Повинуясь жене, остряк-интеллигент забирается на вторую полку, прихватив с собой книжку в ярко-синей обложке – «Русскую красавицу» писателя Виктора Ерофеева.

Нижнее, освободившееся после него место тут же занимается вошедшим пассажиром…

*   *   *

Поезд следовал дальше; мчался на предельной скорости, нагоняя время, сквозь пыльно-ковыльные степи Преддонбасья. Густо-сиреневые сумерки за окном, переходящие в ночь, принесли наконец-то долгожданную, облегчительную прохладу. Резко, сквозяще дул в приоткрытое окно встречный ветер. Сидящим уже незачем было обмахивать себя всеми, какими ни есть сподручными предметами и жадно сосать воду из баночек и полуторалитровых бутылок из-под «херши-колы»; стоящие в проходе, тоже как будто бы, приободрились.

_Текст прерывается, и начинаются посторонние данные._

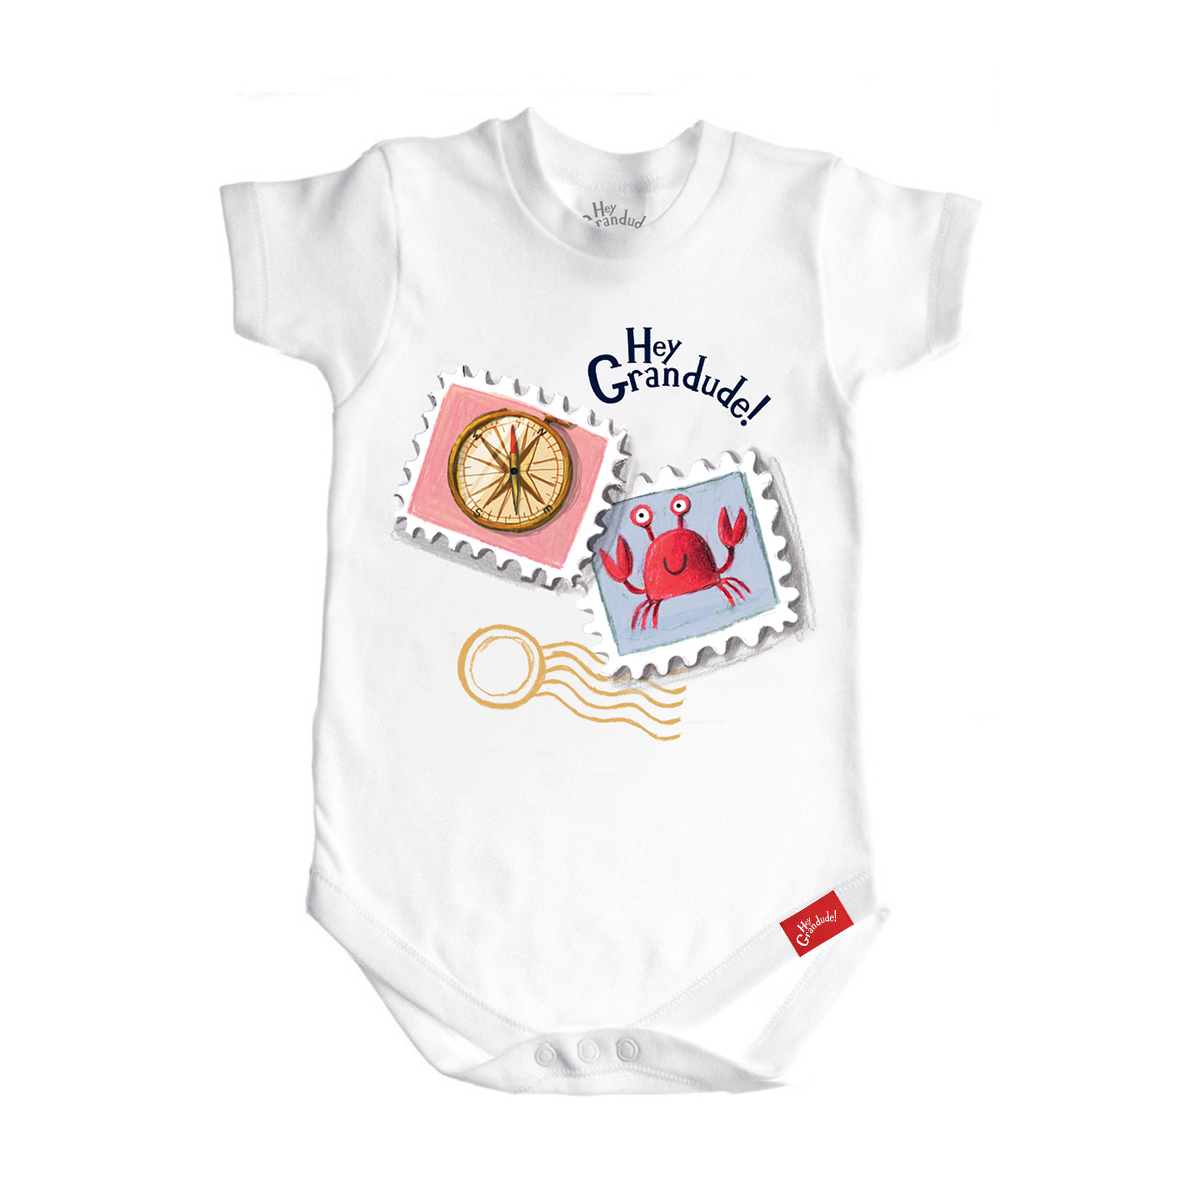 Hey Grandude! Infant Onesie

Вскоре пойдут густонаселённые районы, через каждые пятнадцать-двадцать минут – города, шахтёрские посёлки, имеющие регулярное пригородное сообщение: Рубежное, Лисичанск, Первомайск, Стаханов… И входящих станет гораздо меньше, чем выходящих: так – один-два против пяти-десяти; и по мере того, как пассажирский состав будет приближаться к Донецку, конечному пункту следования, в вагоне станет значительно попросторнее.

Пока же – всё без изменений: нагромождение сумок в проходе и между лавками; строй людей, измождённых дорогой и готовящихся к выходу; топтание по ногам.

Интеллигентствующий остряк, давно забросив «комментарии к происходящему», вдохновенно посапывал на верхней полке, - в сонном виде удерживая в руках ерофеевскую «Русскую красавицу» с заложенным между страниц указательным пальцем. Его жена, преобразившись из крысовидной особы в добрую и заботливую маму, привстав с места, легонько толкнула его в бок: дует, небось, - смотри не простудись.

Постепенно замедляется, утихает перестук колёс – подходим к очередной станции. Строй людей, стоящих в проходе, «затараторил лапками», направляясь – еле-еле – к открываемому проводником тамбуру.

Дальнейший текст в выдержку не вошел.